◆ **WORK REQUIRED**
Starting with the line that has "Ard Boxing Fist" and finishing with the line that has "Patrons enjoying street", set down each line below exactly. Pictures are not copied.

◆ **SUPPLIED DATA**
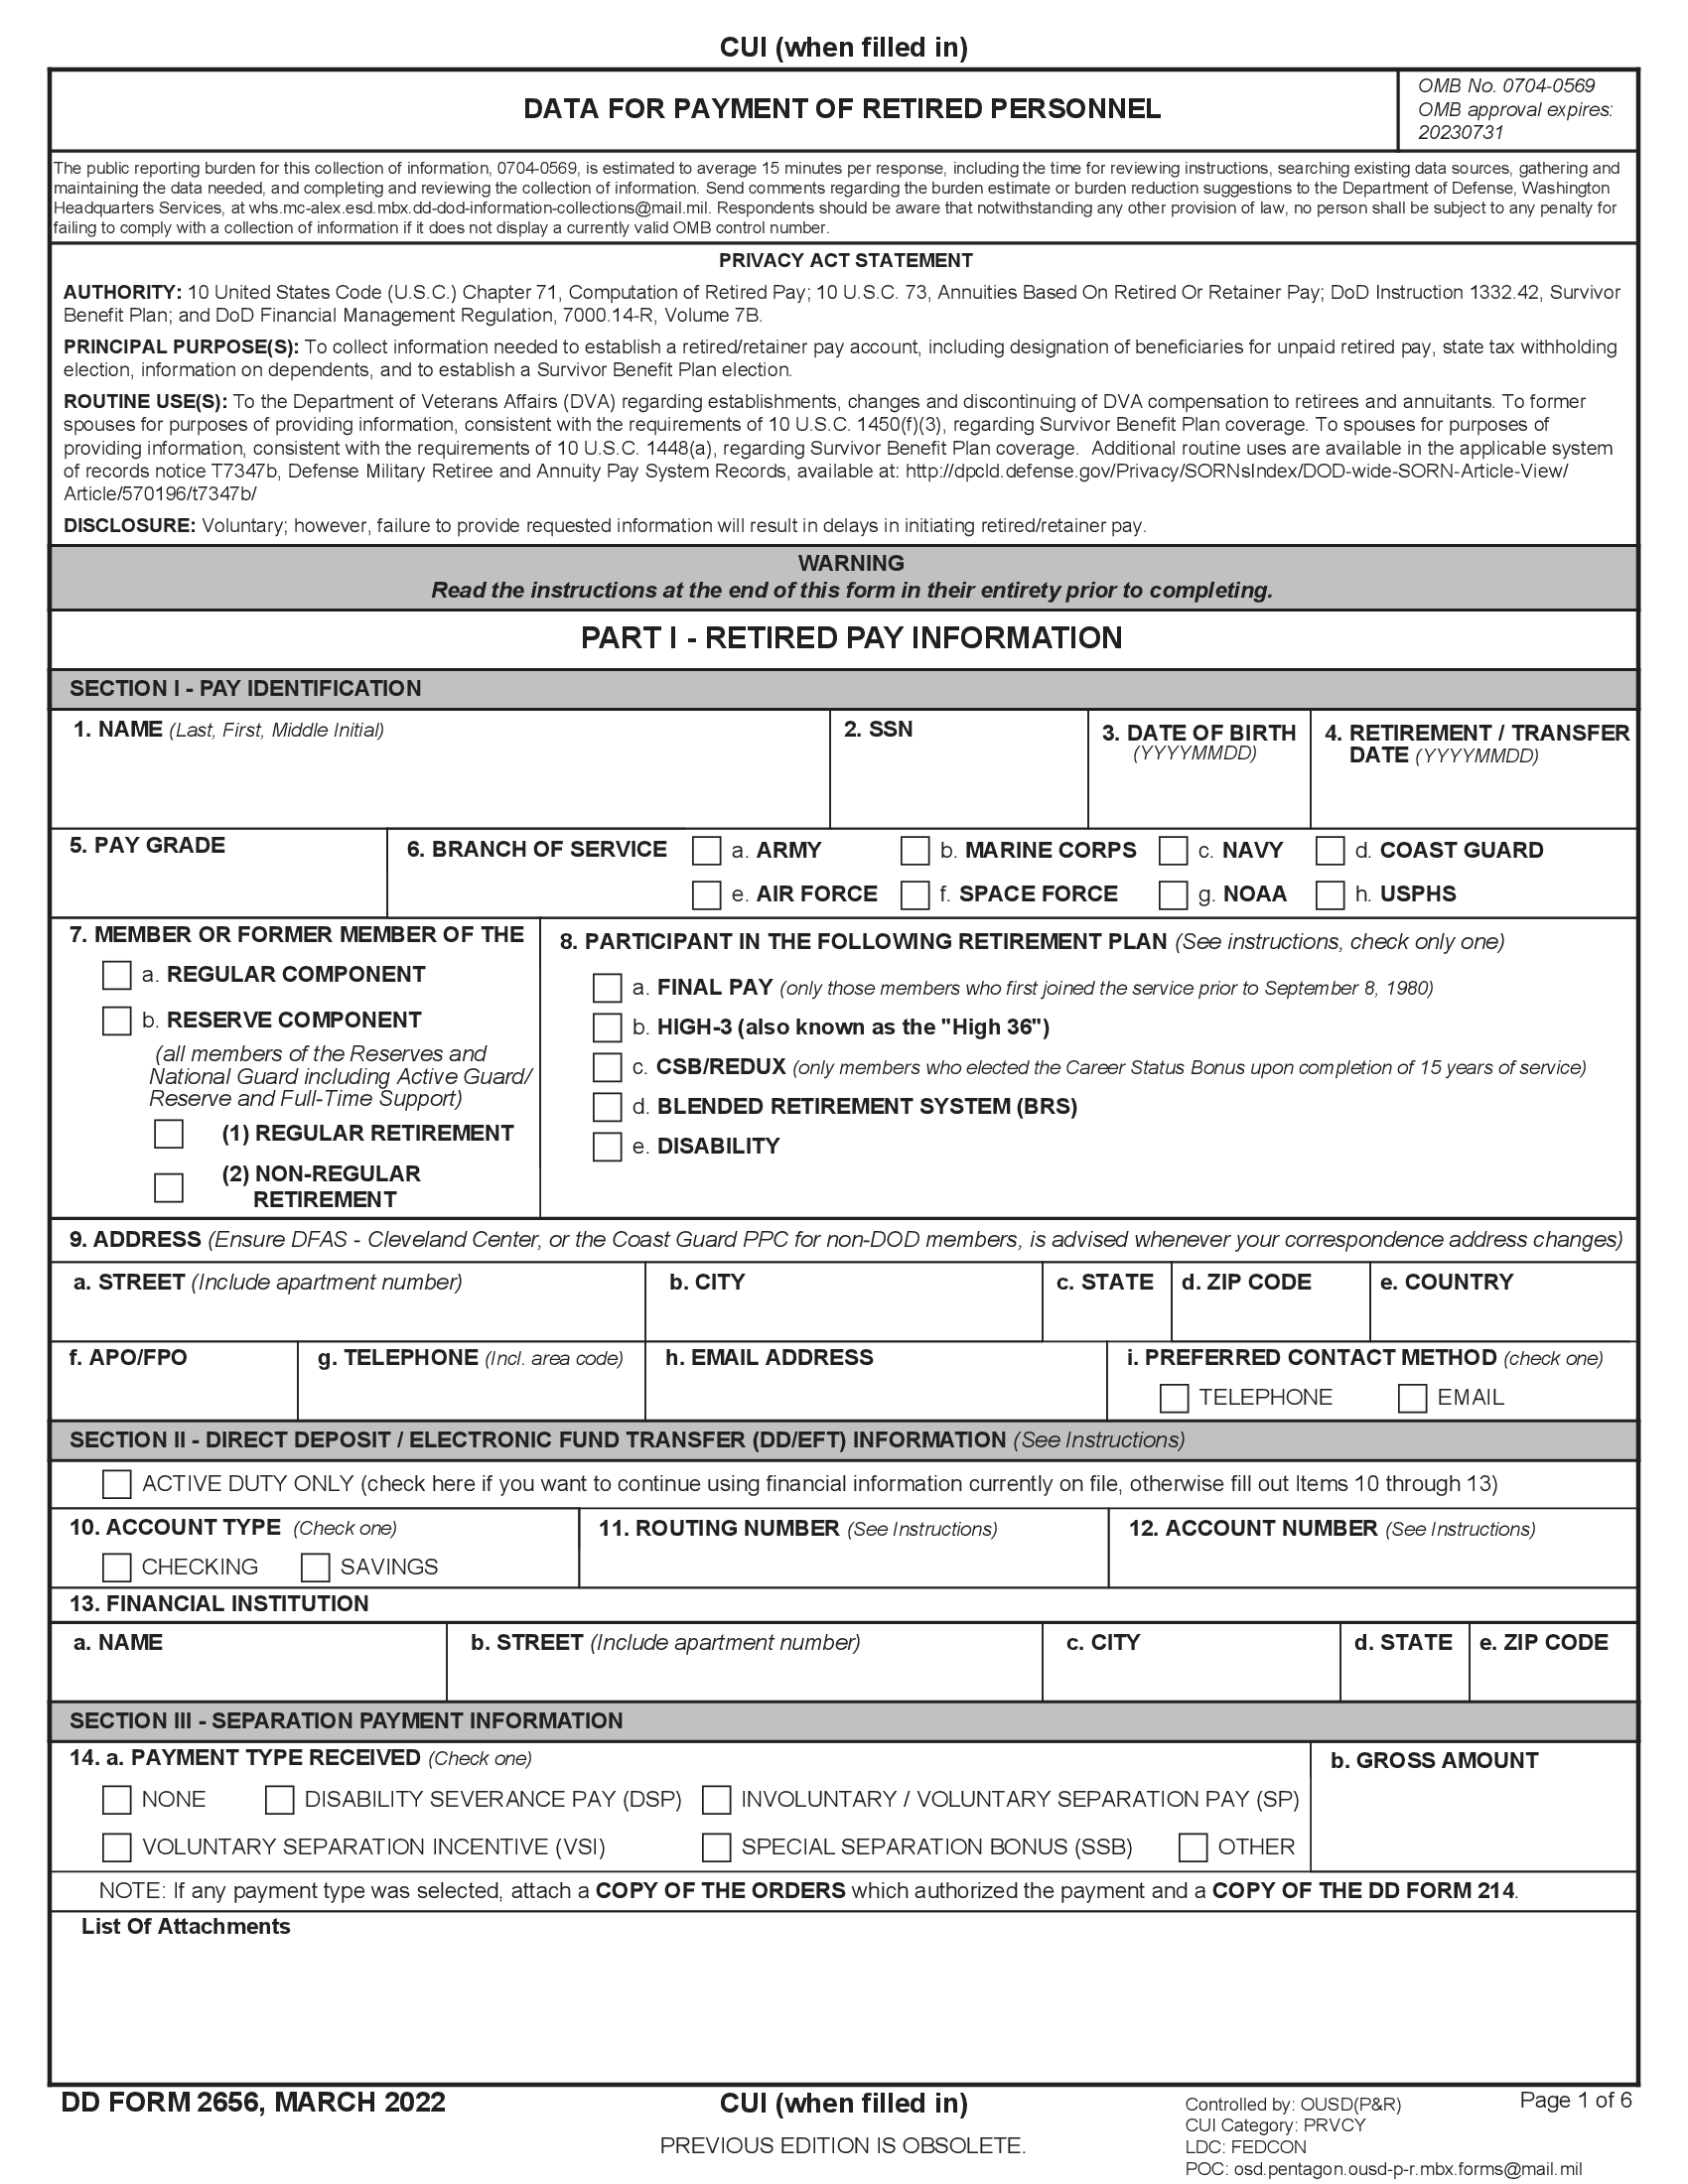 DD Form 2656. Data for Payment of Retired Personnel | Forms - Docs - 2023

---

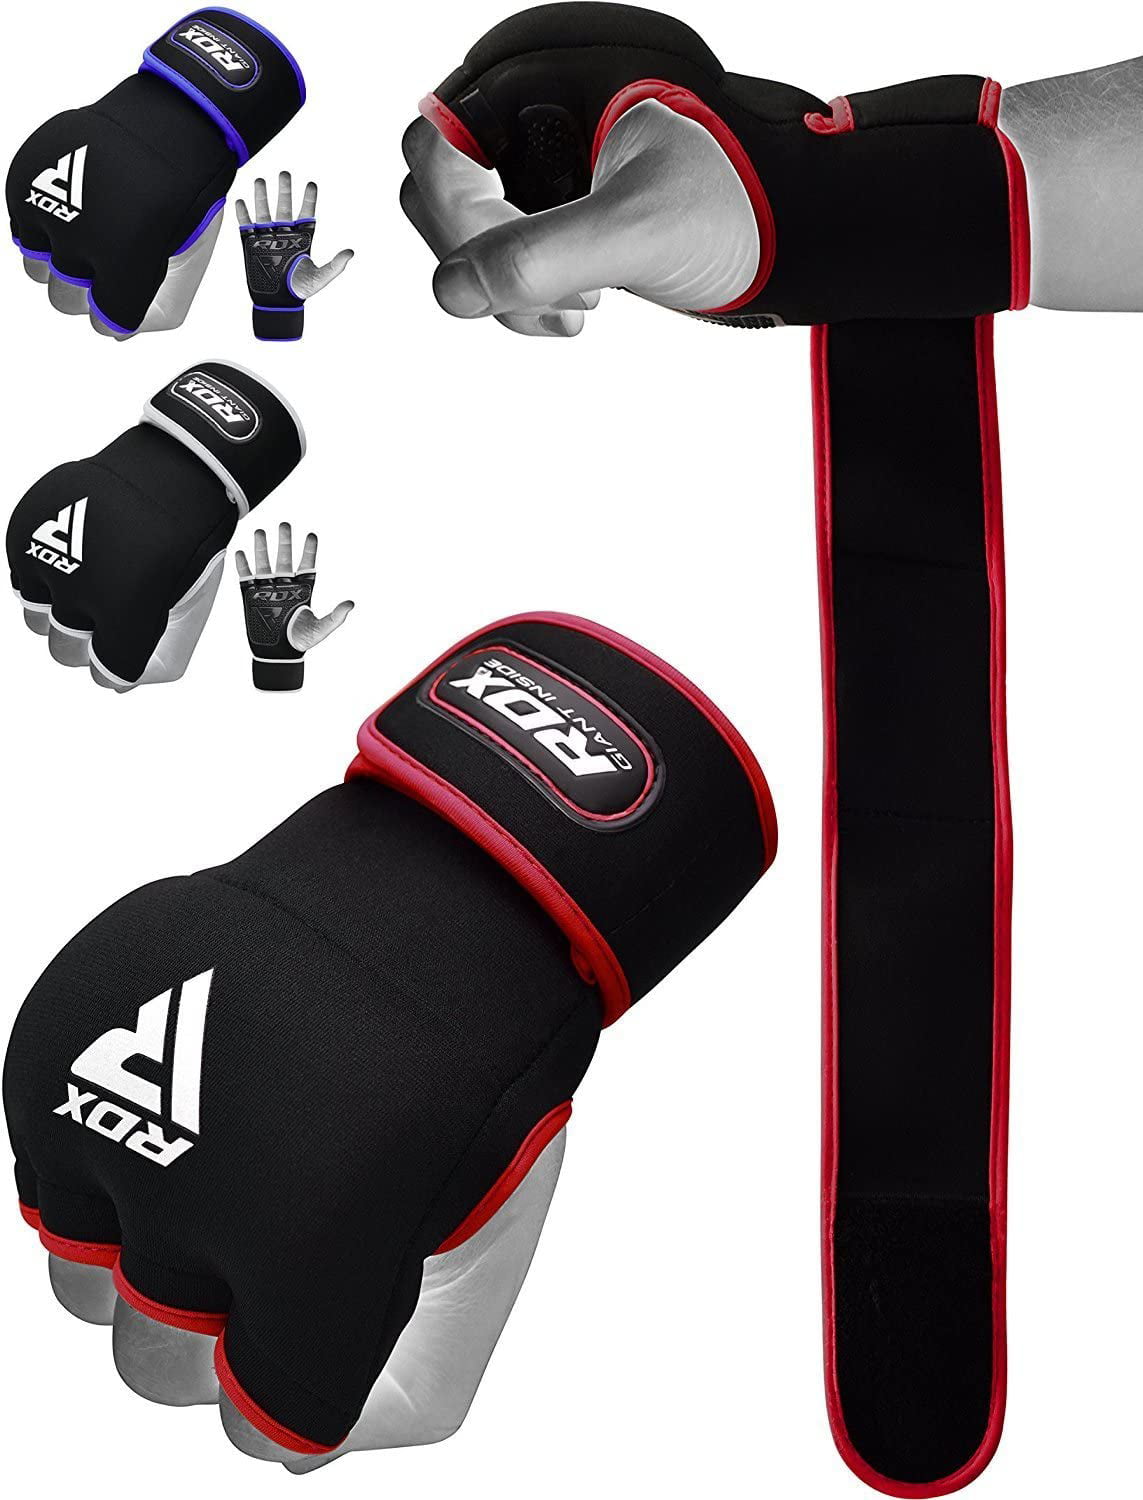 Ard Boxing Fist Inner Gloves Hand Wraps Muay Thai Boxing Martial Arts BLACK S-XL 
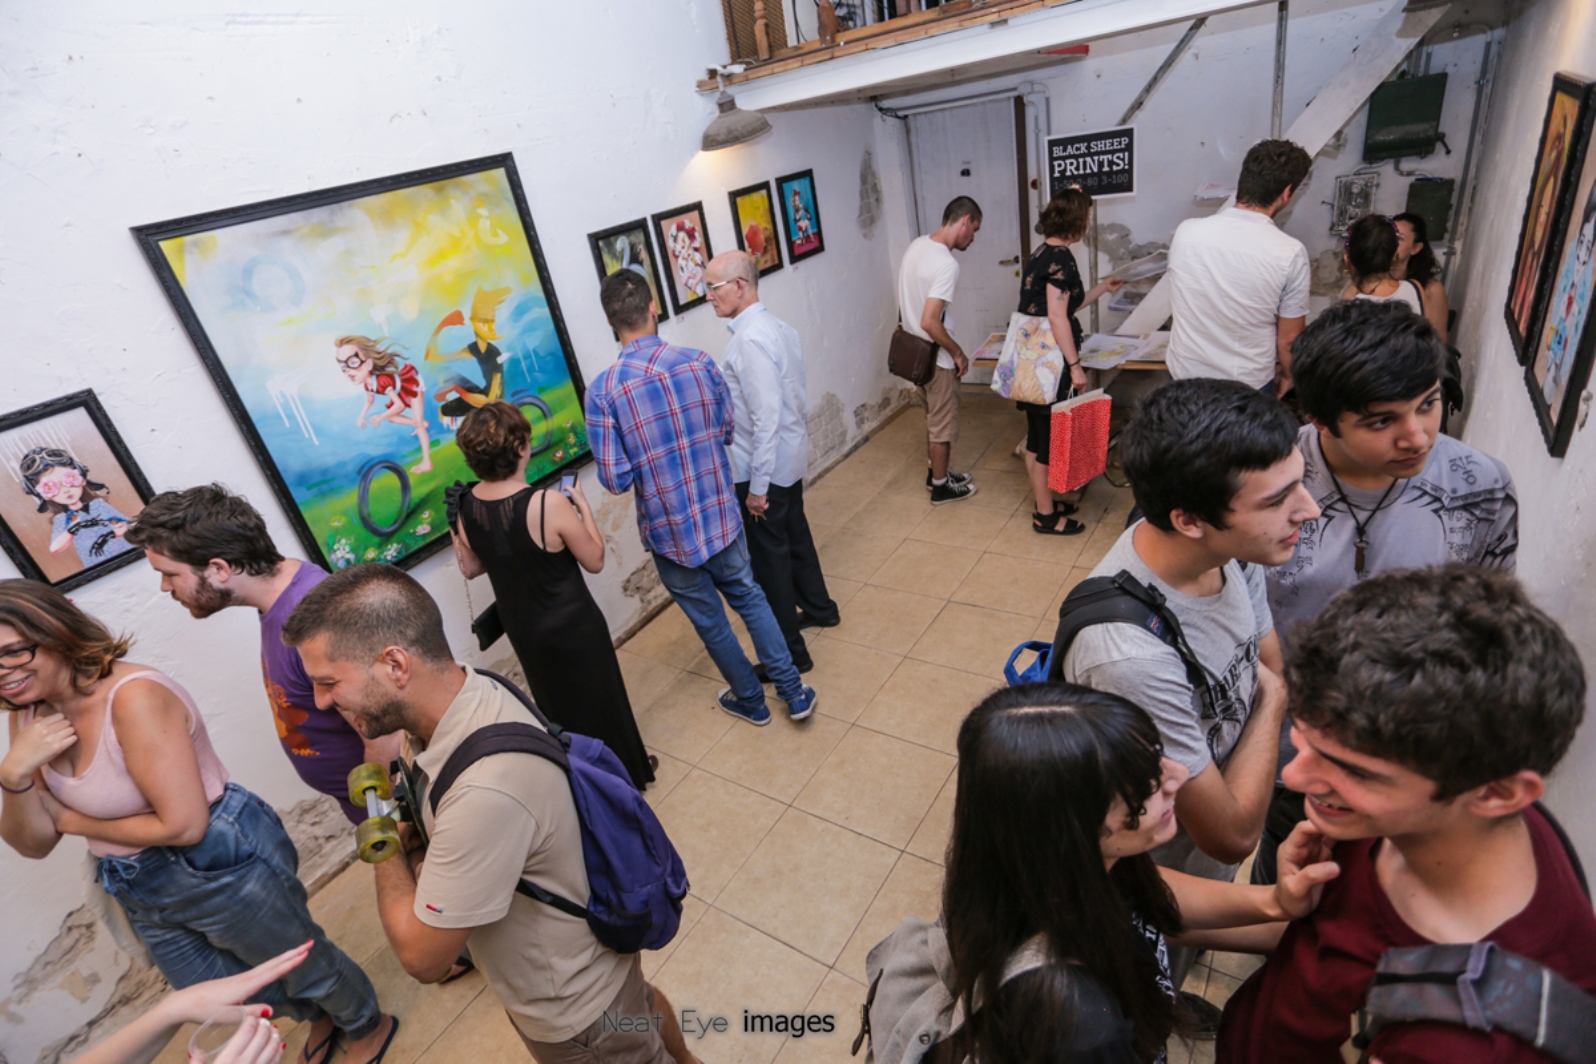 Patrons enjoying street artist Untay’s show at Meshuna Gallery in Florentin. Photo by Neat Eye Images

◆ **SOLUTION TO THIS EXERCISE**
 Ard Boxing Fist Inner Gloves Hand Wraps Muay Thai Boxing Martial Arts BLACK S-XL 
 Patrons enjoying street artist Untay’s show at Meshuna Gallery in Florentin. Photo by Neat Eye Images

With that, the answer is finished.